[[ INPUT DATA open ]]

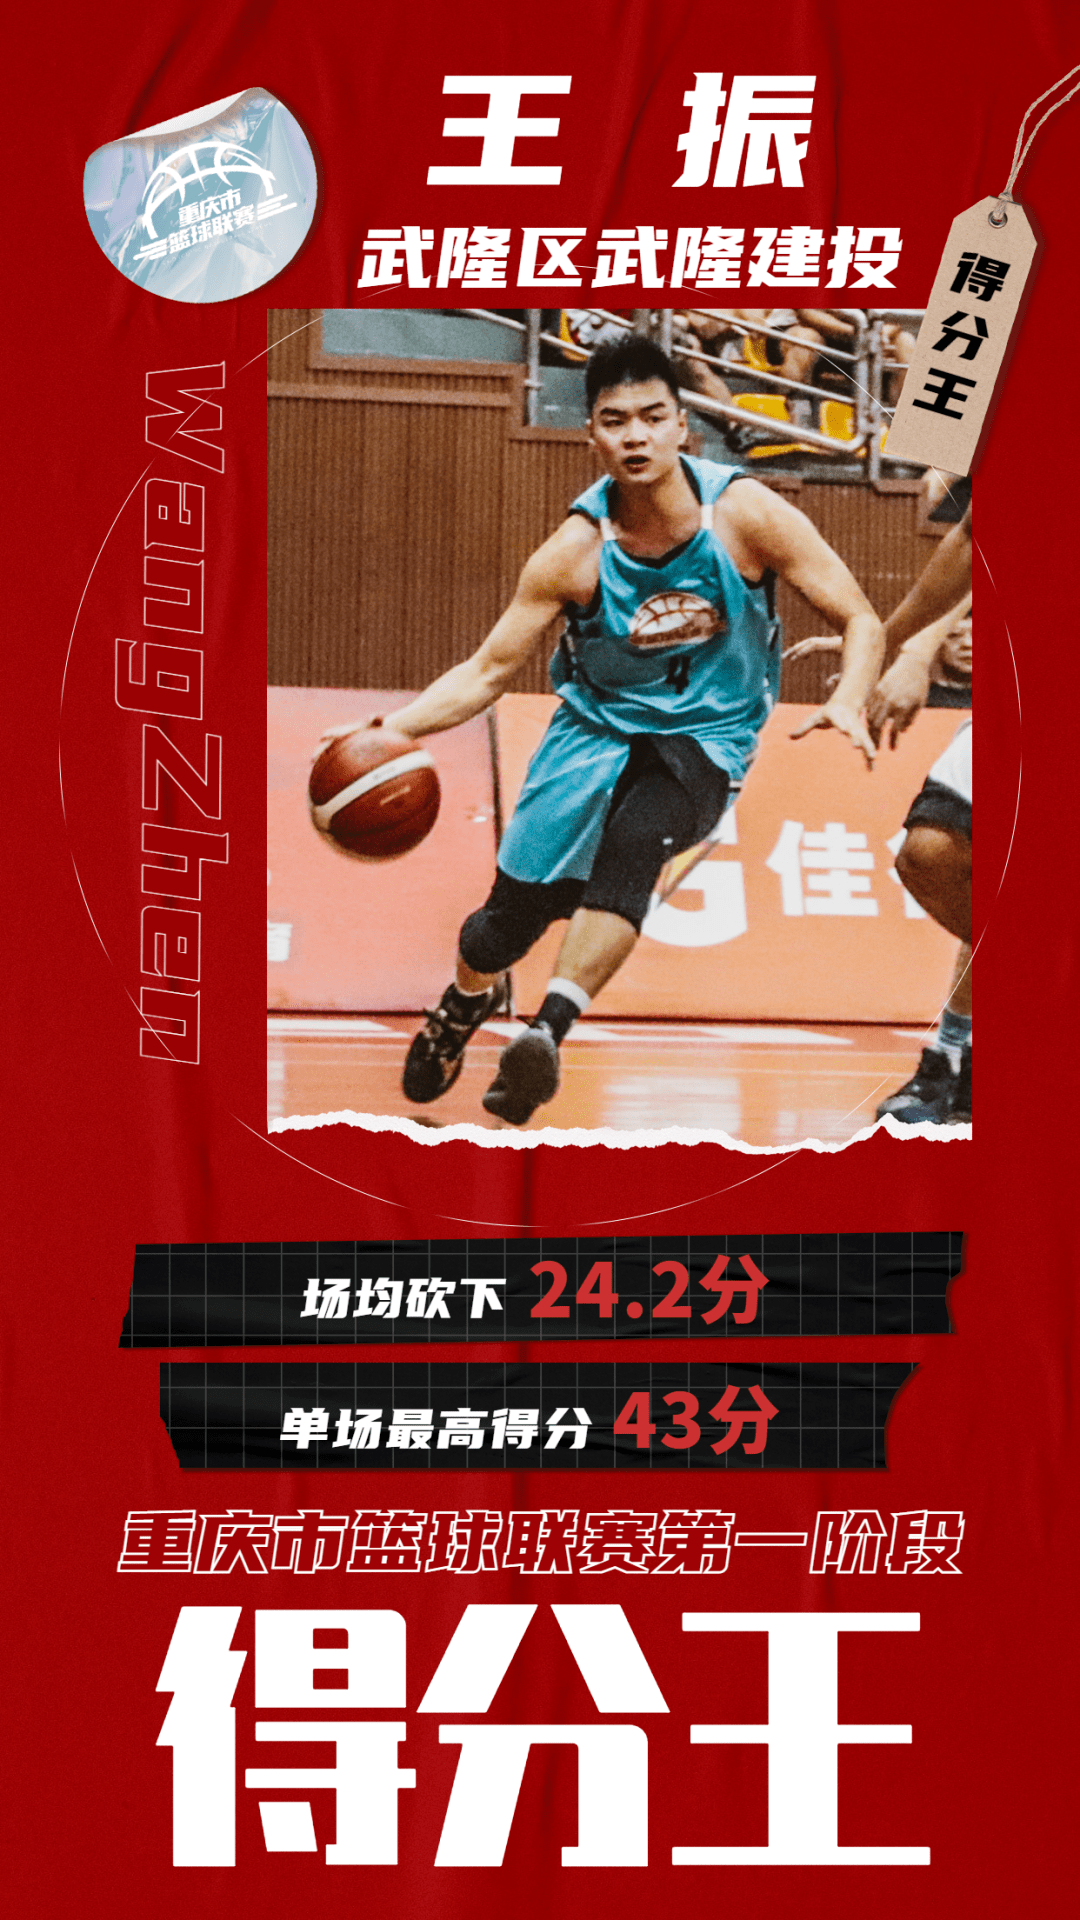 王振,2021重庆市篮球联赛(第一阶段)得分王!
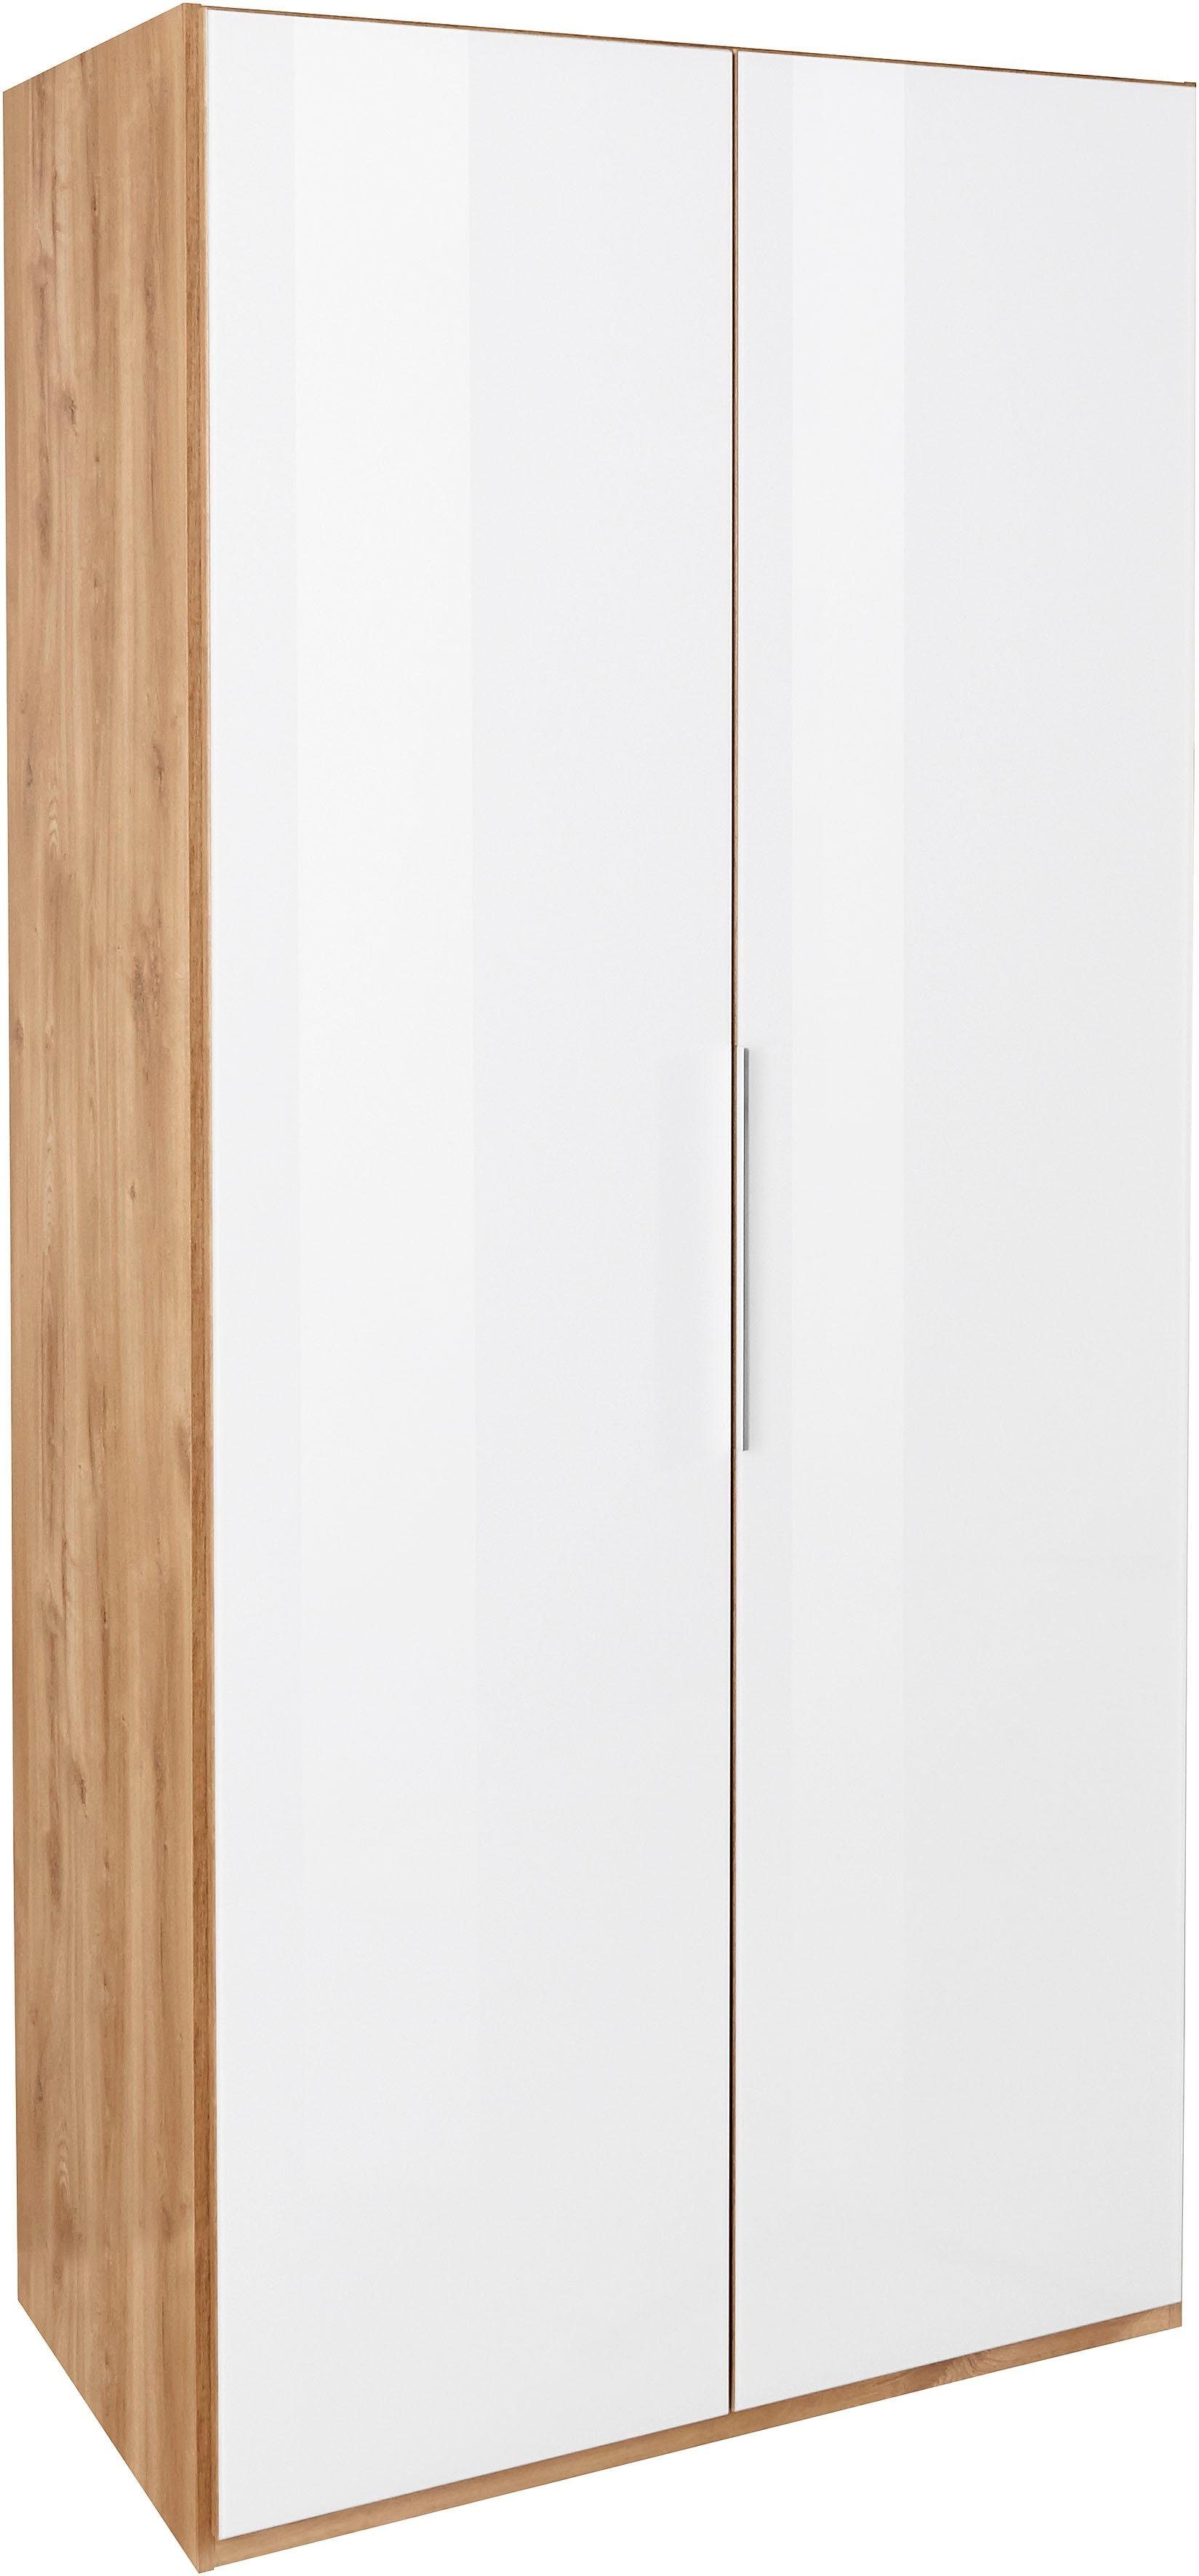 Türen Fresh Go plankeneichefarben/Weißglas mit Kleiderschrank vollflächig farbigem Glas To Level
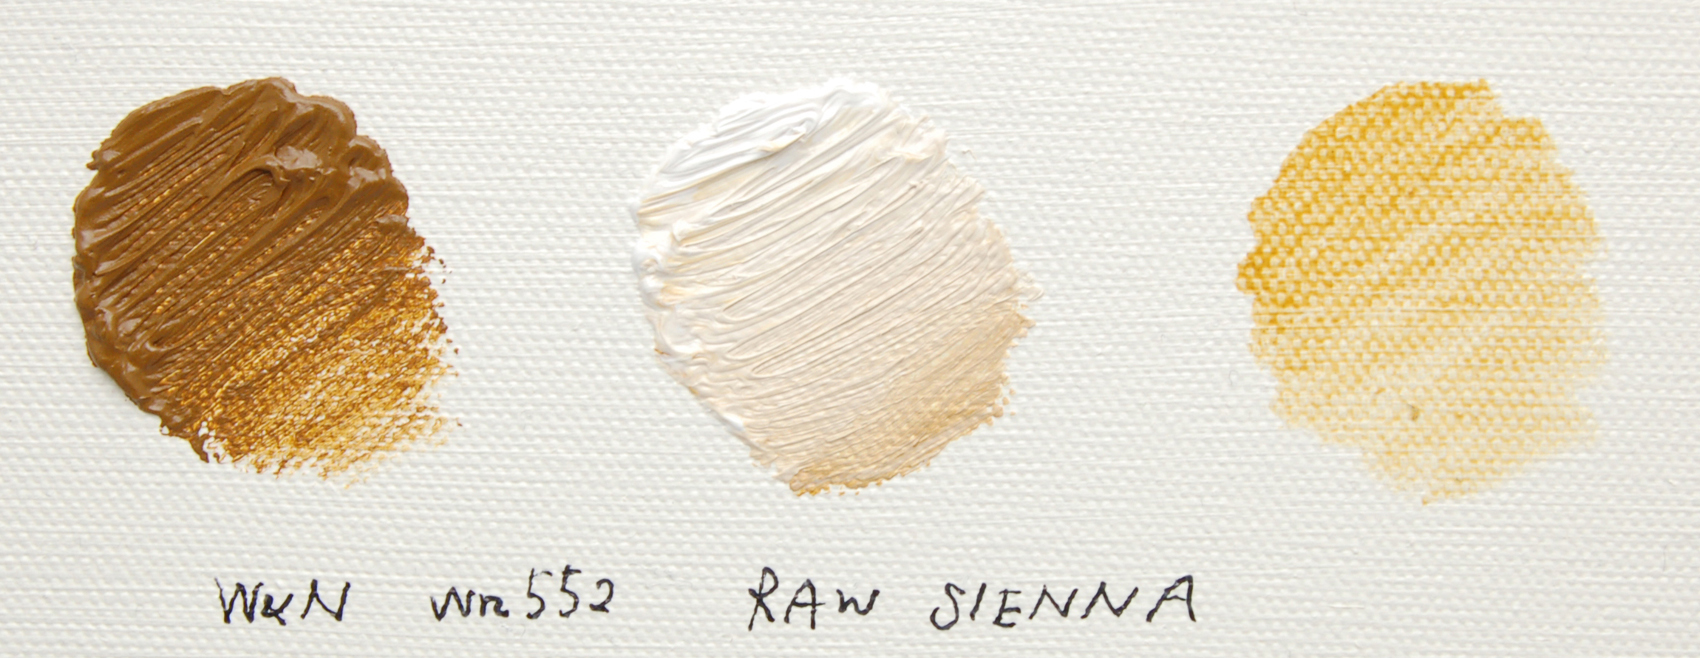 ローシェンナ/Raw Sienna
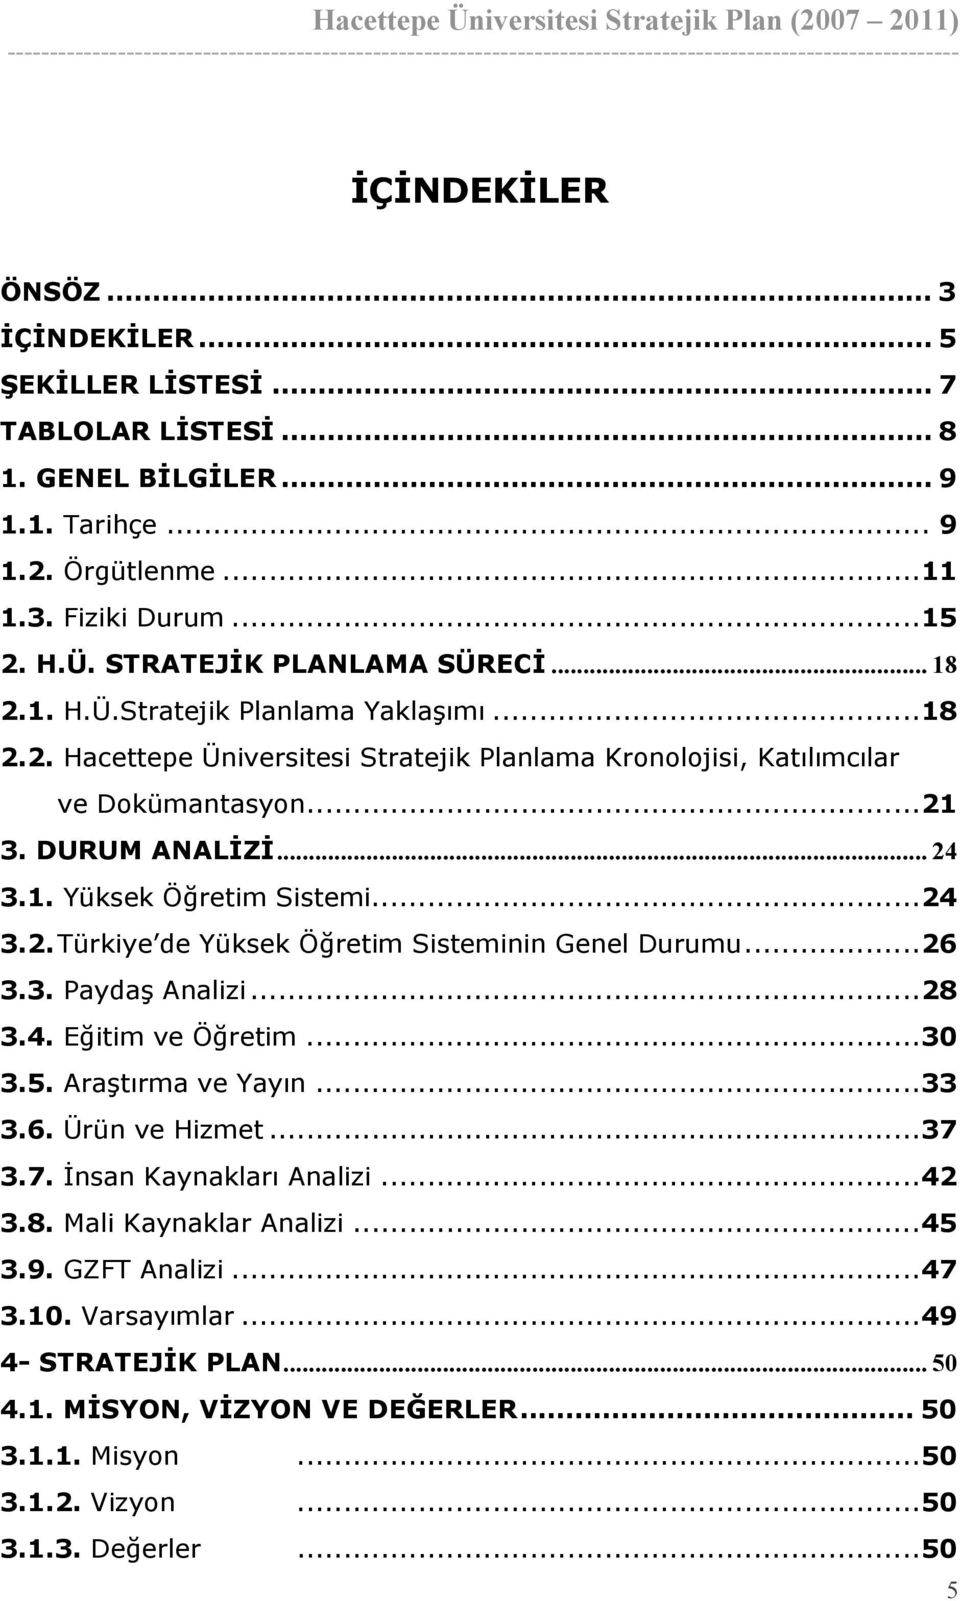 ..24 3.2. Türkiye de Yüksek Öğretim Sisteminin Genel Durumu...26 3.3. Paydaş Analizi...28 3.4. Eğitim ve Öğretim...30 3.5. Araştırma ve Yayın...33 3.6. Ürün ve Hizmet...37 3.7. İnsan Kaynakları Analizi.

[[ INPUT DATA closed ]]

The span to retype runs from the line containing "ローシェンナ/Raw Sienna" through the last line of the listing above, both ends included; copy it exactly, without pictures.

 ローシェンナ/Raw Sienna
 ..24 3.2. Türkiye de Yüksek Öğretim Sisteminin Genel Durumu...26 3.3. Paydaş Analizi...28 3.4. Eğitim ve Öğretim...30 3.5. Araştırma ve Yayın...33 3.6. Ürün ve Hizmet...37 3.7. İnsan Kaynakları Analizi.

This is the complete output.